Par Liviaaugustae
Jeune femme et Eros sur un vase grec
(Wikipédia)
« Être dans la fleur de l'âge »
Origine de l'expression :
L'expression évoque l'idée de beauté juvénile et vigueur physique. Cette métaphore apparaît dès l'Antiquité, dans la formule grecque « Anthos hebes » (littéralement fleur de jeunesse) qui qualifie les jeunes au seuil de l'adolescence : beaux éphèbes ou vierges féminines destinés au mariage.
La fleur, attribut privilégiée de la déesse Aphrodite et de son fils Eros, qui ont tous deux le redoutable pouvoir de verser le désir aux cœurs des mortels, est l'un des cadeaux érotiques les plus représentés sur les vases portant des scènes de conversations amoureuses.
Délicatement tenue entre les mains des jeunes filles, la fleur, telle une parure, rehausse leur beauté, affiche leur séduction et diffuse un parfum enivrant stimulant les sens des hommes qui les regardent. (A l'époque, les femmes n'étaient pas idiotes et appréciaient que les hommes les regardent, il n'y avait pas eu encore cette ineptie de « balance ton porc »)

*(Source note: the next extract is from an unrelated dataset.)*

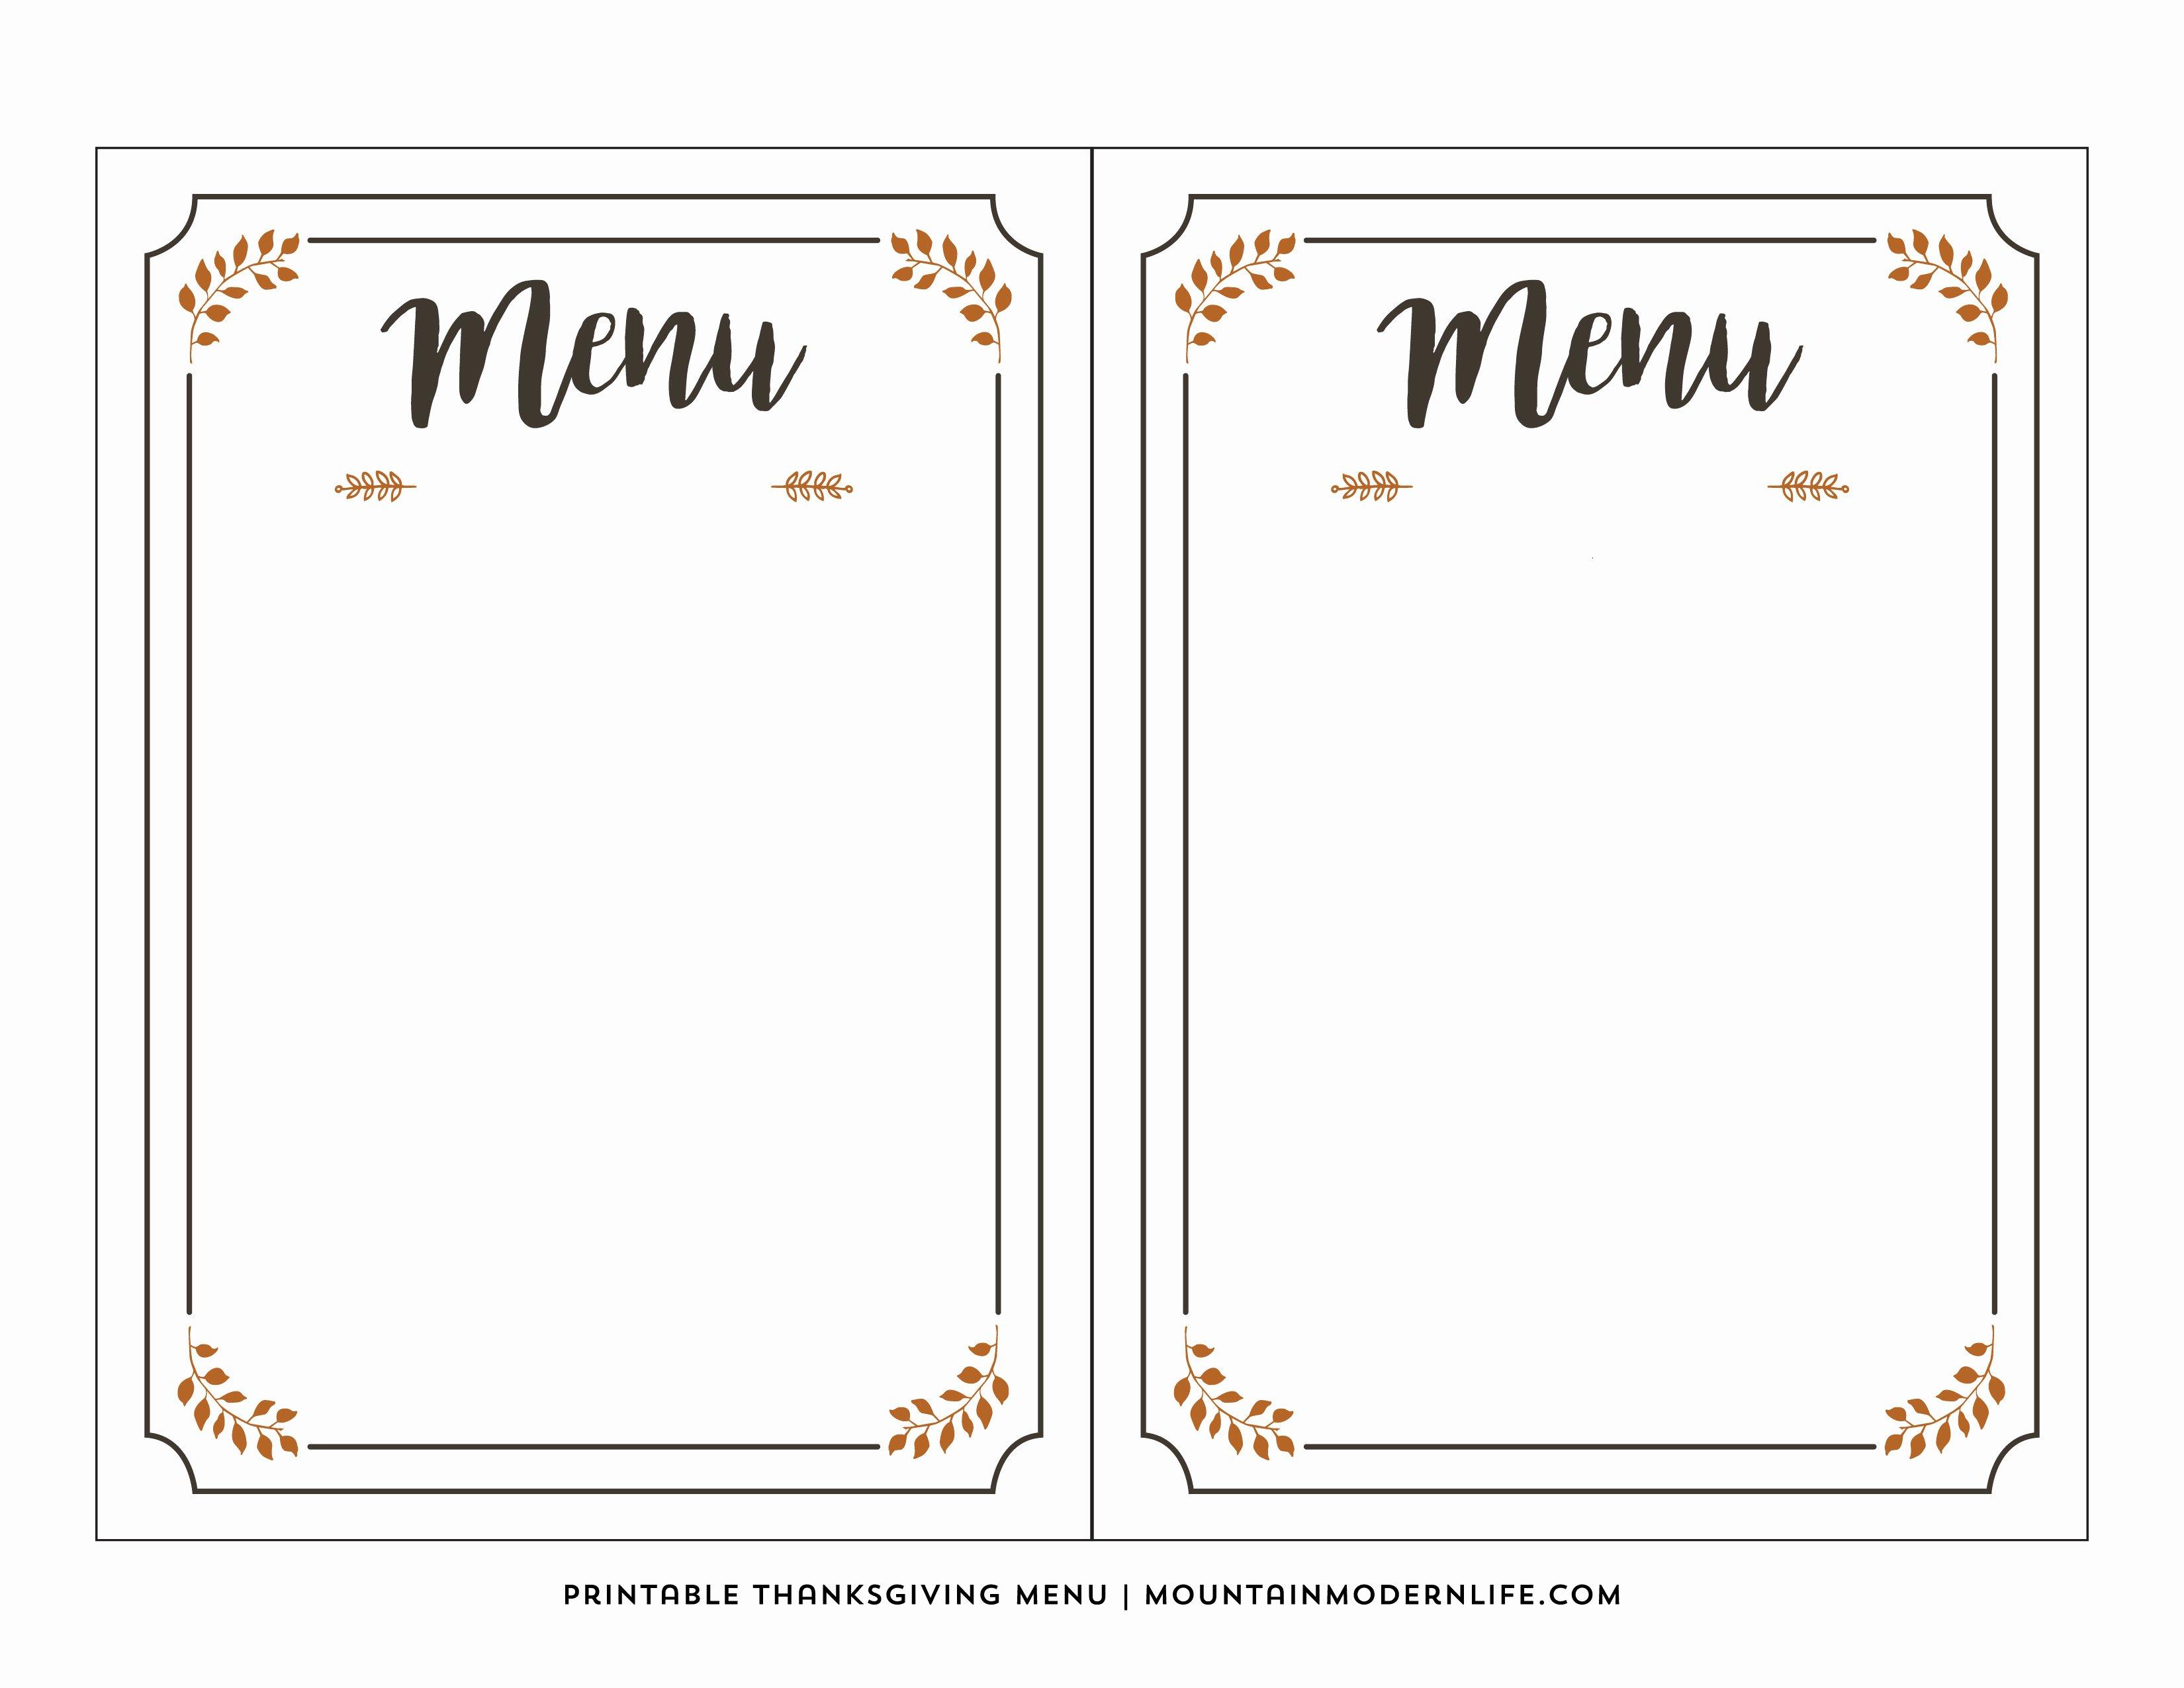 Free Printable Menu Template | Latter Example Template - Free Printable Menu Maker

Ces jeunes à la beauté nouvellement éclose, après la germination de l'enfance, sont comme des fleurs à l'acmé de leur vie éphémère, menacée par les outrages du temps qui faneront leur éclatante fraîcheur.
La beauté fleurie laisse ensuite place à la maturité dans l'expression « La force de l'âge », qui qualifie le temps accompli de la vie adulte.